THE DATA =>

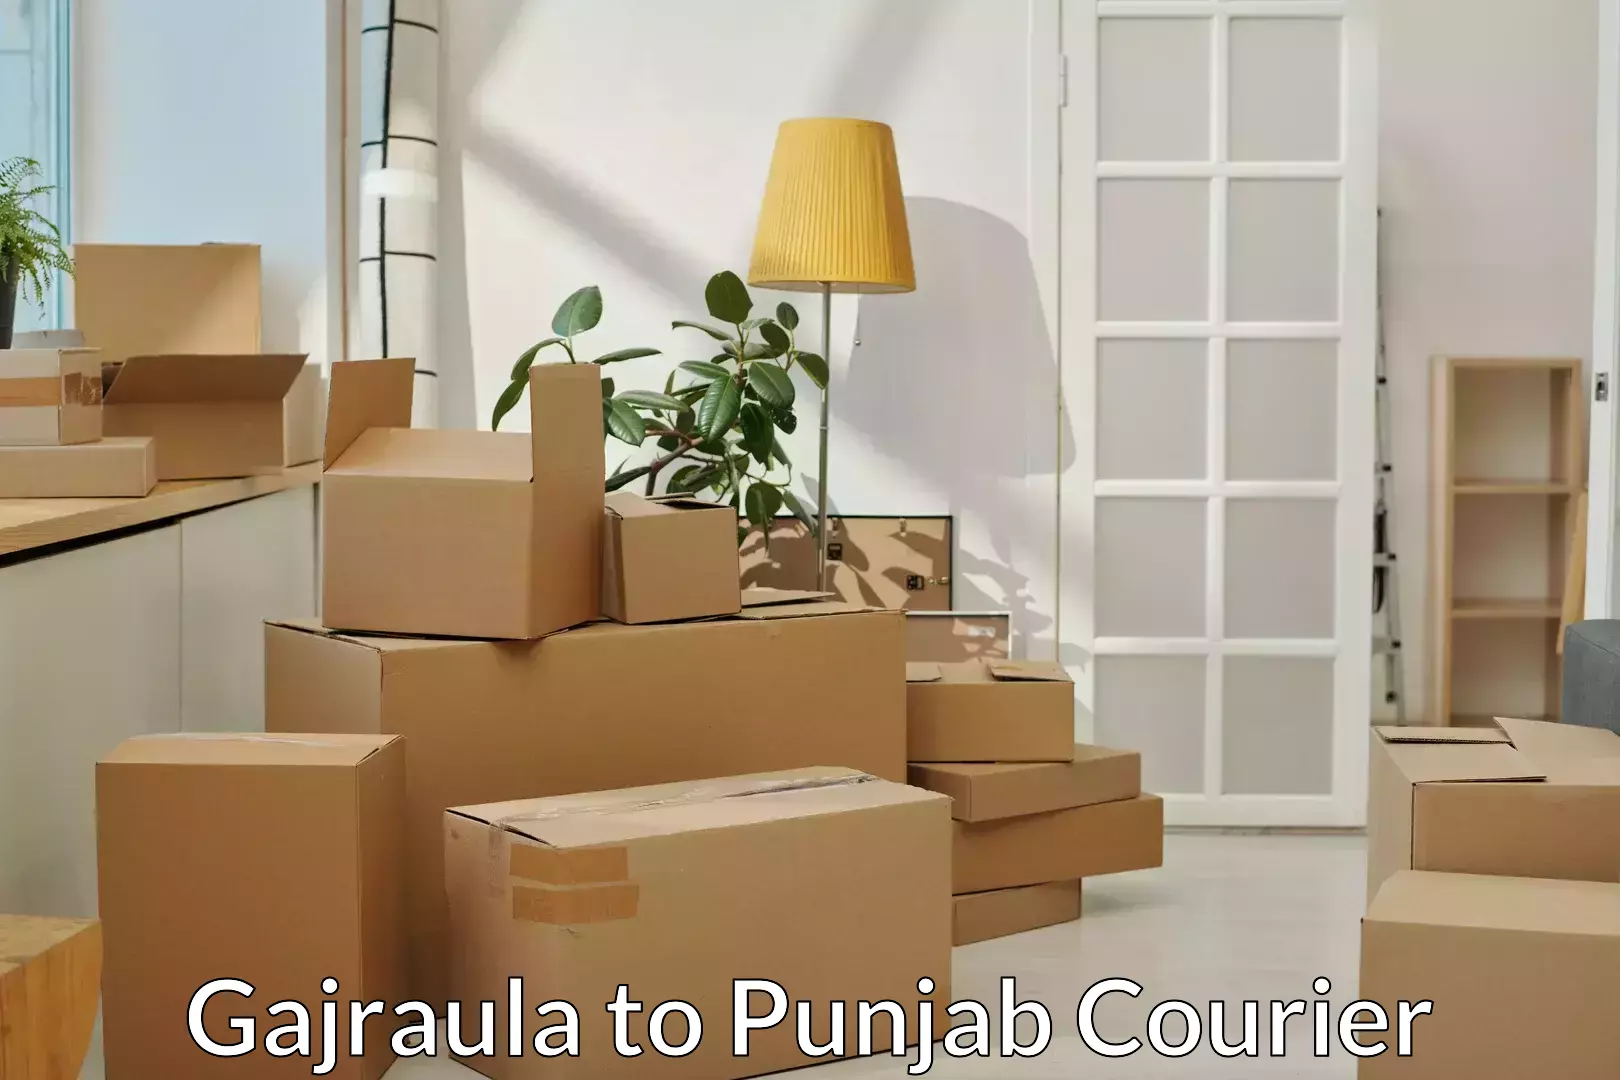 Furniture delivery service Gajraula to Sirhind Fatehgarh
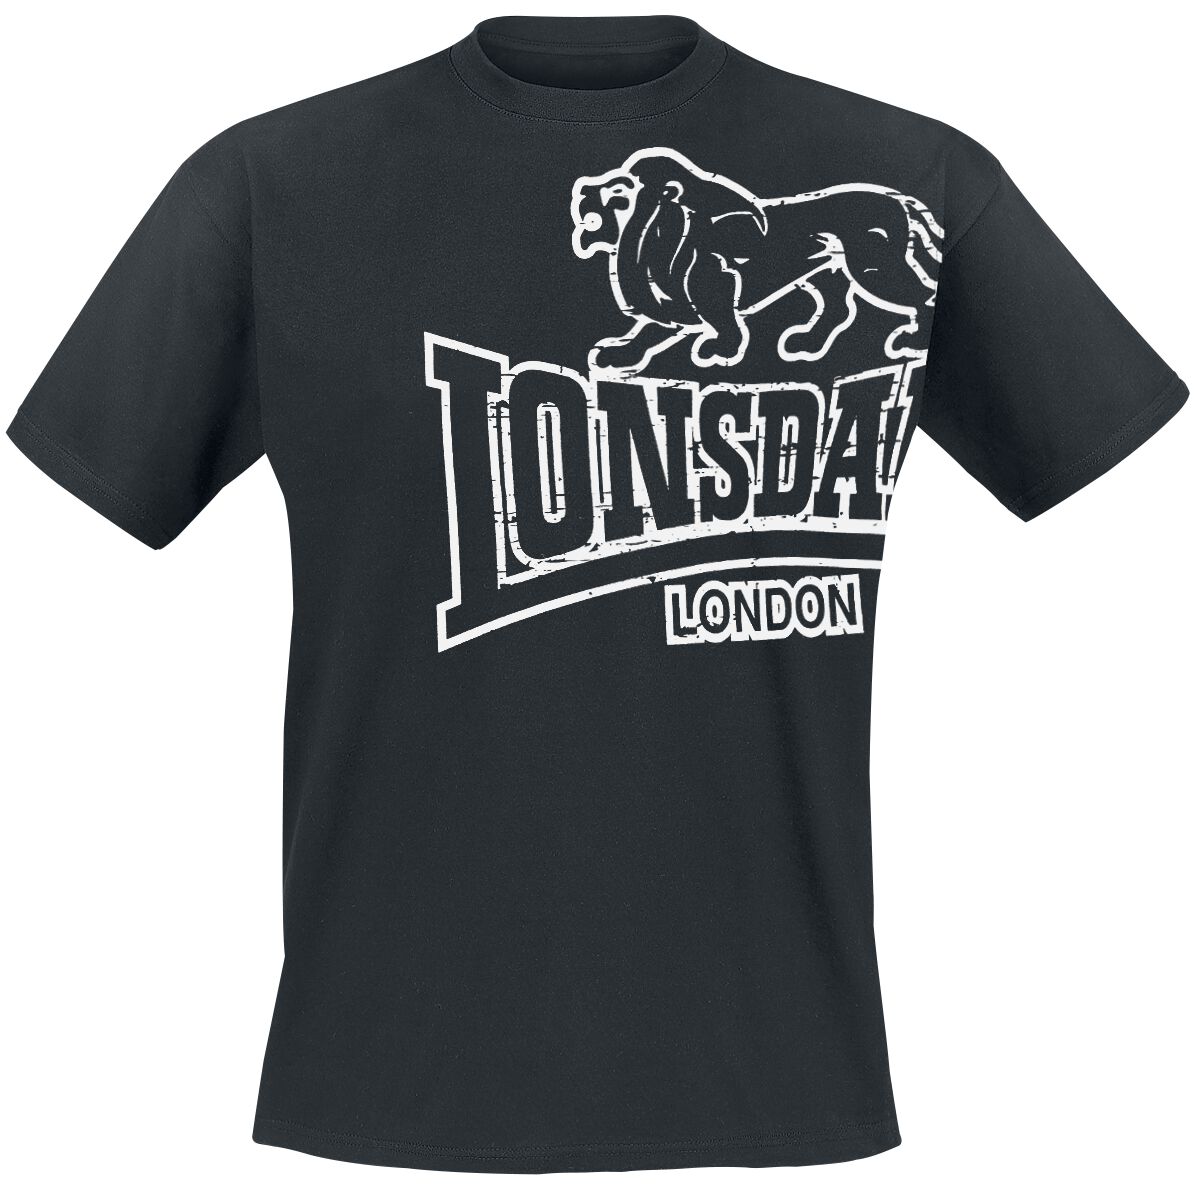 Image of Lonsdale London Langsett T-Shirt schwarz
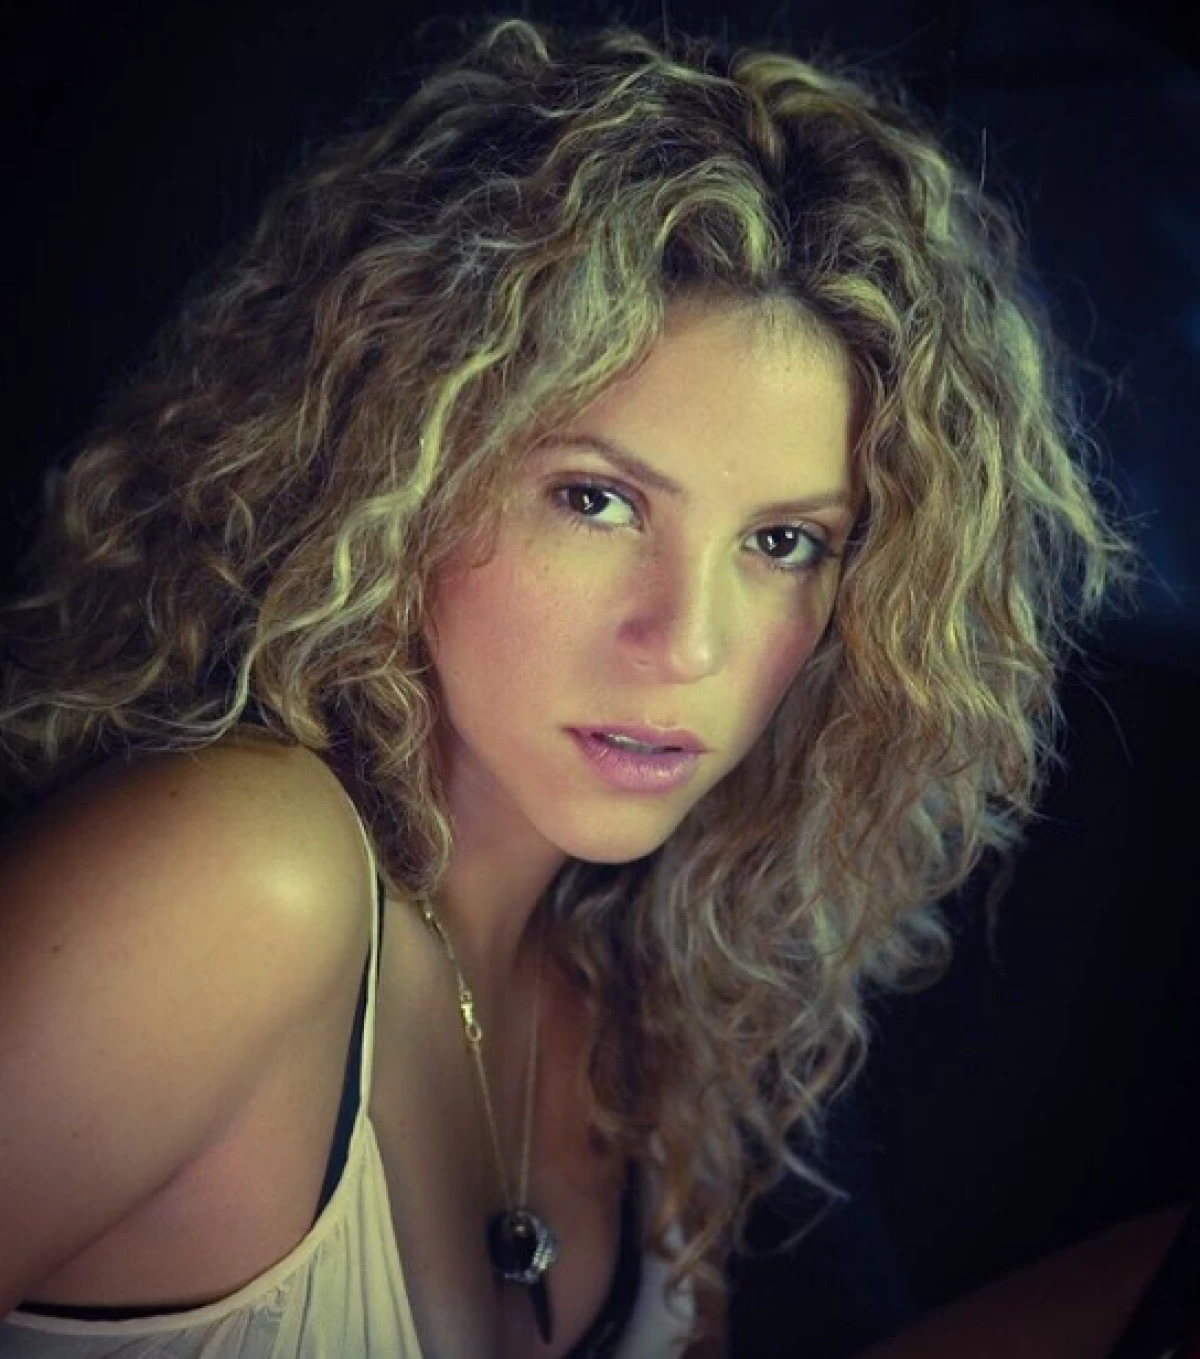 Фото: Инстаграм.com/Shakira/

WHAT THIS TASK INVOLVES =>
Leaving out the pictures, reproduce the whole listing above exactly.

FINISHED TASK =>
 Furniture delivery service Gajraula to Sirhind Fatehgarh
 Image of Lonsdale London Langsett T-Shirt schwarz
 Фото: Инстаграм.com/Shakira/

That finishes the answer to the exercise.